# Sink connection management refactor

-   Associated:
    -   [sentry: panic: Reference to absent
        collection](https://github.com/MaterializeInc/database-issues/issues/4982)
    -   [sinks: bootstrapping catalog does not wait for sink
        creation](https://github.com/MaterializeInc/database-issues/issues/5981)

## Context

The current implementation of sink connections relies on establishing the
connection in adapter code. In addition to lacking parity with source connection
management, this also introduces an issue which is detailed in [sinks:
bootstrapping catalog does not wait for sink
creation](https://github.com/MaterializeInc/database-issues/issues/5981).

## Goals

-   Detail and defend the approach for moving sink connection management into
    storage, while still detecting some errors during sink creation.

## Overview

In general, the approach will be to mirror the structure of source connection
management for sinks. This means:

-   Check for potential errors during purification.
    -   This introduces the possibility for TOCTOU errors, so it will be
        possible to create a sink that we believe will work only to have the
        sink immediately fail.
-   Create the sink in the storage controller after purification or during
    bootstrapping, i.e. remove the notion of
    `prepare_export`/`SinkConnectionReady`.
    -   This guarantees that we understand when connections to sinks are
        established and does not potentially leave them in a dangling state
        during bootstrapping.

## Detailed description

The following sections detail the major work items needed to implement this
change.

### Establish connection in rendering

`storage::sink::kafka::KafkaSinkState::new` will become the point at which we
actually establish the connection to Kafka to sink out data.

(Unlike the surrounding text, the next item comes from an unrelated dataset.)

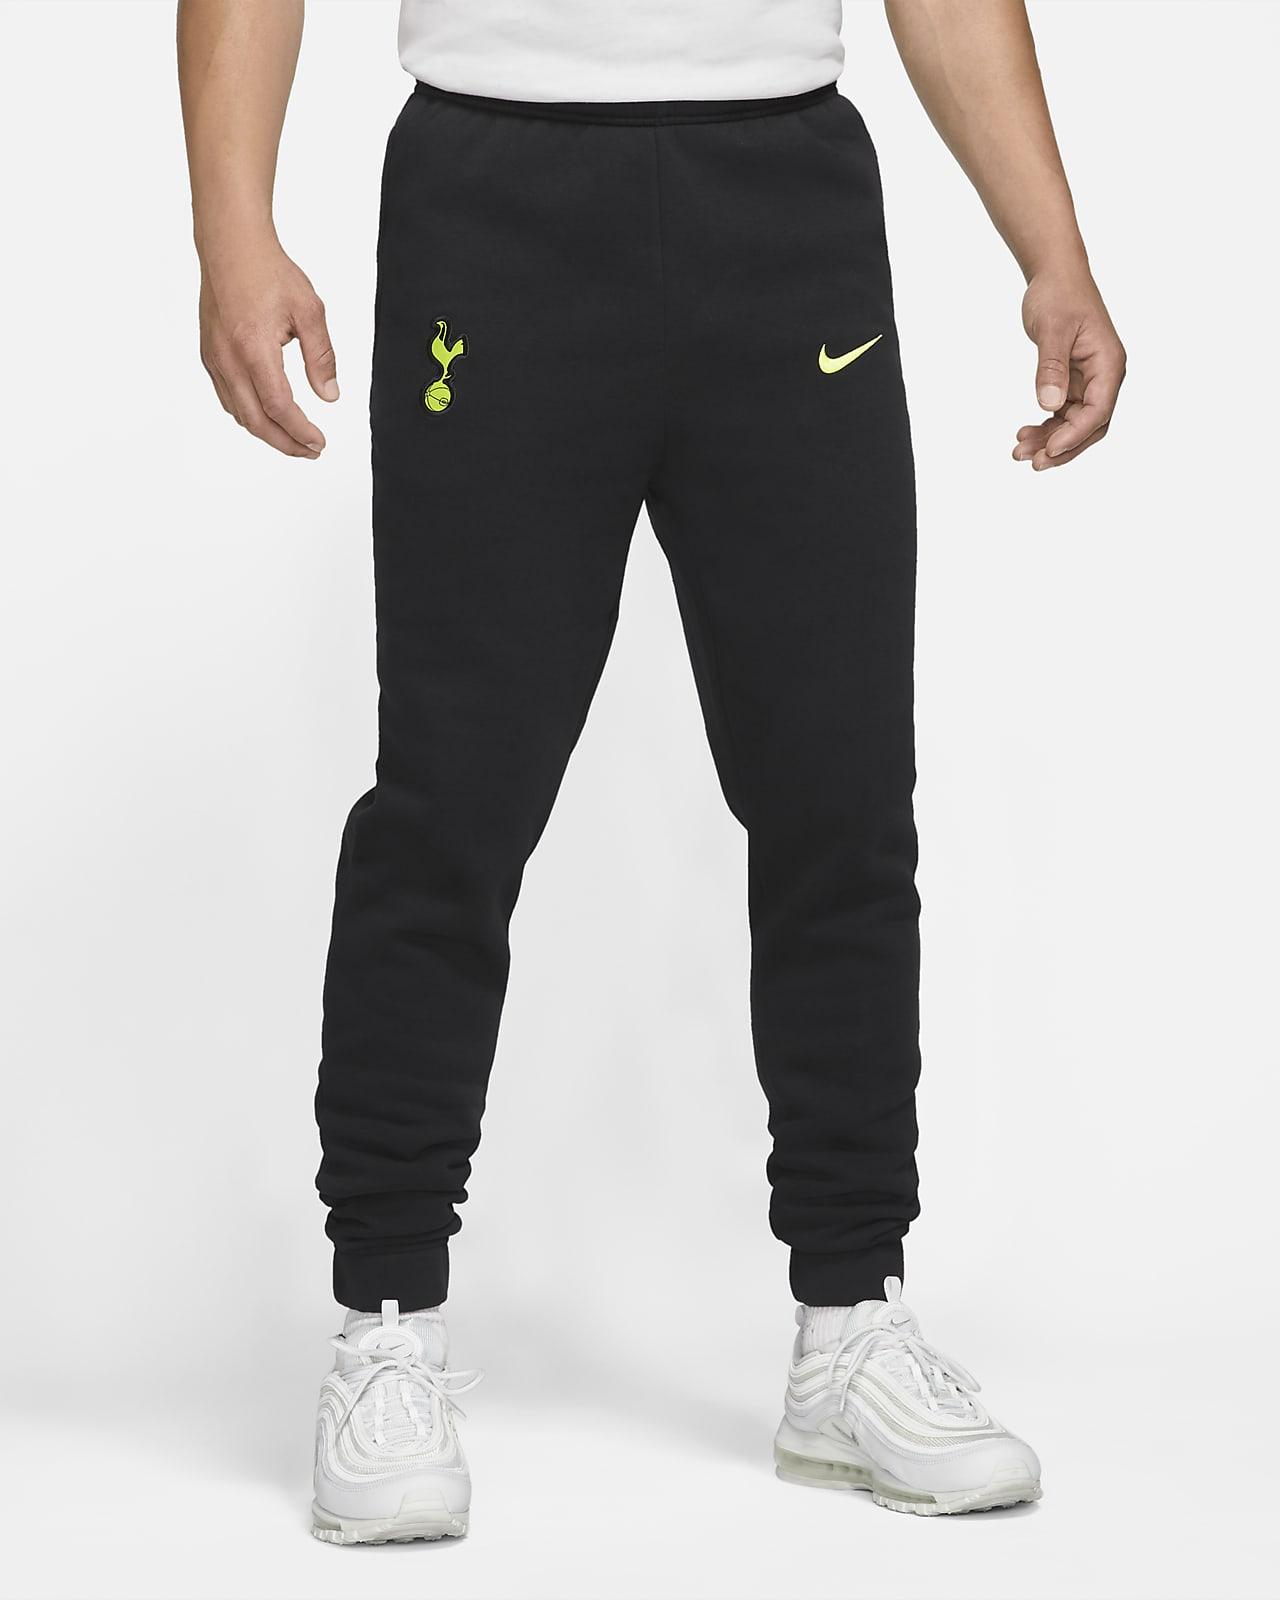 Pantalon de football en tissu Fleece Tottenham Hotspur pour Homme

This code path is executed every time a sink is instantiated and parallels the
structure of how sources work. Sink connections should be idempotent so
re-running this every time we restart should be fine.

Additionally, we need to ensure that we gracefully handle sink connection error
reporting via sink statuses.

### Remove `prepare_export`

On `main` currently, creating a sink requires generating an export token, which
is used to ensure that you hold the since of the object you are sinking to some
fixed point

With this refactor, preparation becomes totally unnecessary because we will no
longer prepare the export, we will only create it under the assumption that it
will either connect or error.

### Check errors in purification

Just as we perform asynchronous work for sources (e.g. checking that the PG
publication exists), we should do the same thing for sinks. This gives us a
chance to error if we believe that the connection will not succeed. Crucially,
purification should not be side-effecting, so this operation should not leave
any state behind.

### Remove `SinkConnectionReady`

We will describe connections to Kafka brokers where we plan to write the sink,
but will no longer "build" the connections in the controller. This means that
`SinkConnectionReady` will be obviated as `prepare_export` is.

### Managing broker topics

Kafka broker admins can delete topics––either the data or the progress topics.
We might encounter this in rendering the sink.

If admins delete the progress topic, we will re-create it, as well as ensure the
data topic exists. We do this because we cannot know if this is a net-new sink
or if the progress topic got deleted.

If admins delete the data topic, we will error iff we find data in the progress
topic that indicates that we had previously produced data for the data topic.
Otherwise, we will re-create the data topic.

## Alternatives

We could, theoretically, treat `CreateExportToken` as a proxy for the sink in
reconciliation, which would let us understand that a sink will be created with
some given ID, even if it is not yet present. However, I am leery of this
approach because of its complexity (how far down do you propagate
`CreateExportToken`s? does it differ during boostrapping vs. sink creation?) and
its lack of parallelism with sources + the idioms of SQL planning.